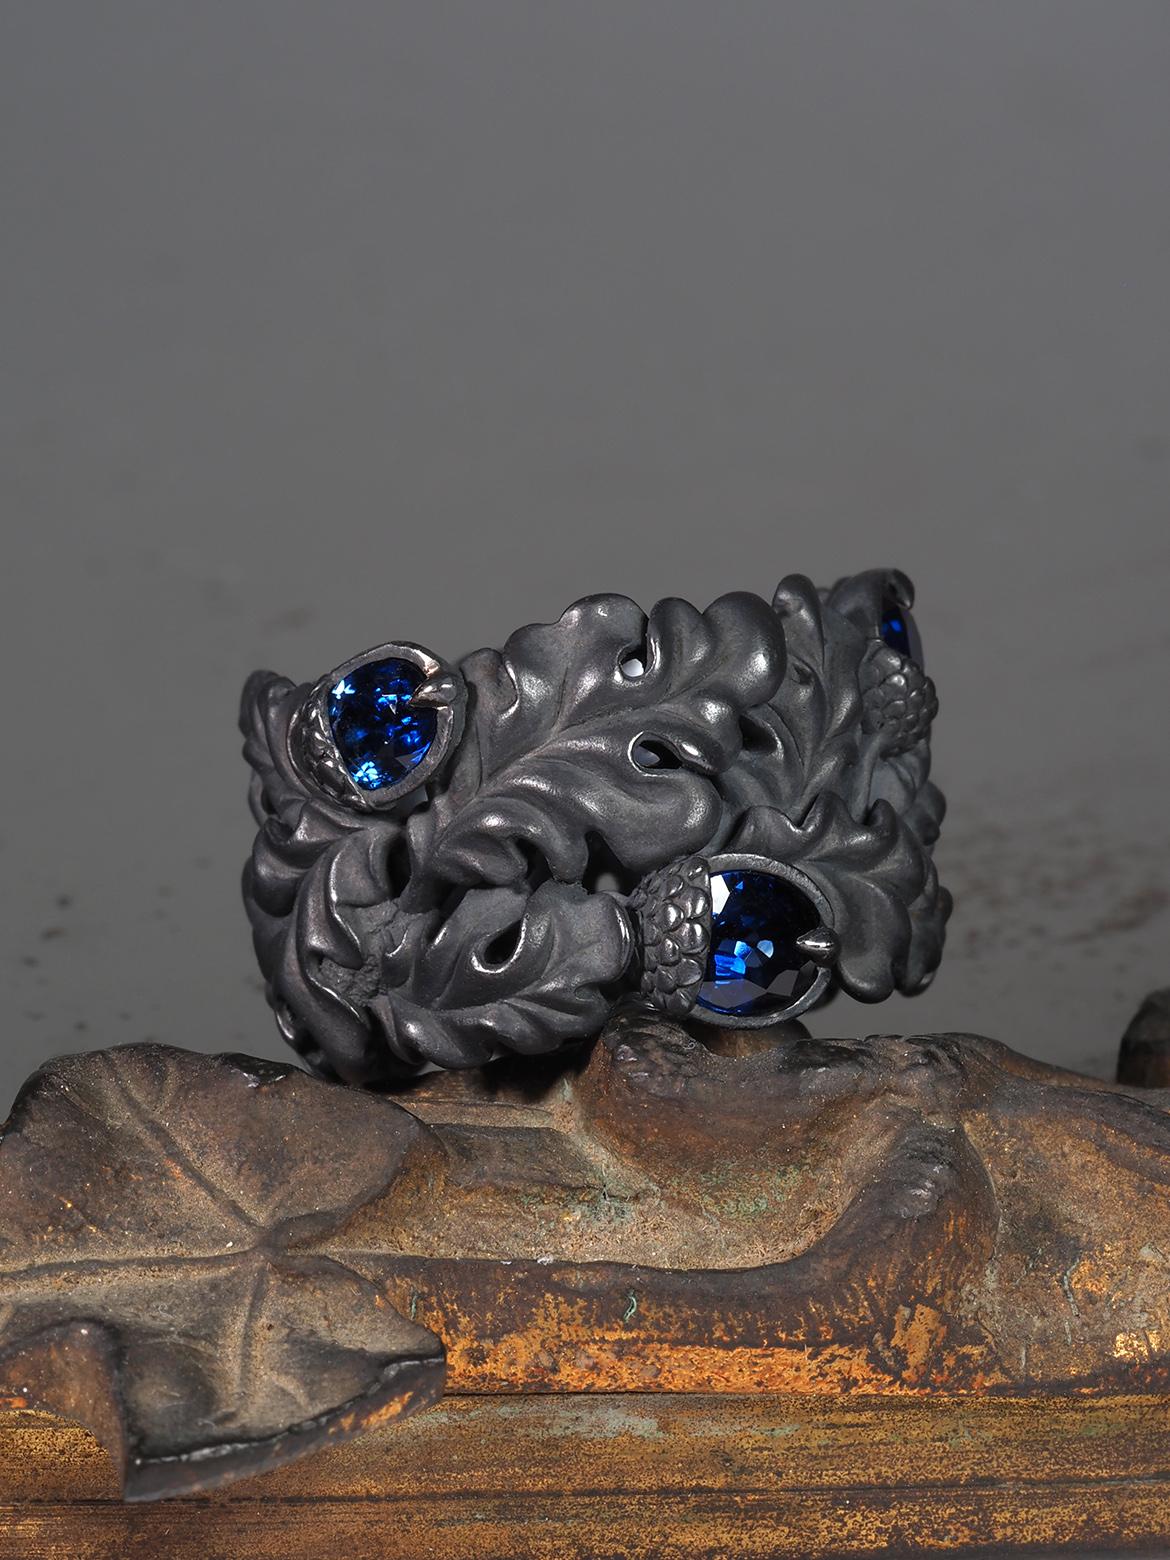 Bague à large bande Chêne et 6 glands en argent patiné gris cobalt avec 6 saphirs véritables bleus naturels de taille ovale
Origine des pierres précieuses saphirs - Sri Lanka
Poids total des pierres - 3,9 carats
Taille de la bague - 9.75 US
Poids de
┄┄┄┄┄┄
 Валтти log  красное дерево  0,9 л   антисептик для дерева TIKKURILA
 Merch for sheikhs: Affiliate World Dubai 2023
┄┄┄┄┄┄
### What you need to do
When the line with "для дерева TIKKURILA" is reached in the data above, start copying there, and copy each line exactly until the line with "Merch for sheikhs: Affiliate" has been copied; copy nothing else.

### The completed task
 Валтти log  красное дерево  0,9 л   антисептик для дерева TIKKURILA
 Merch for sheikhs: Affiliate World Dubai 2023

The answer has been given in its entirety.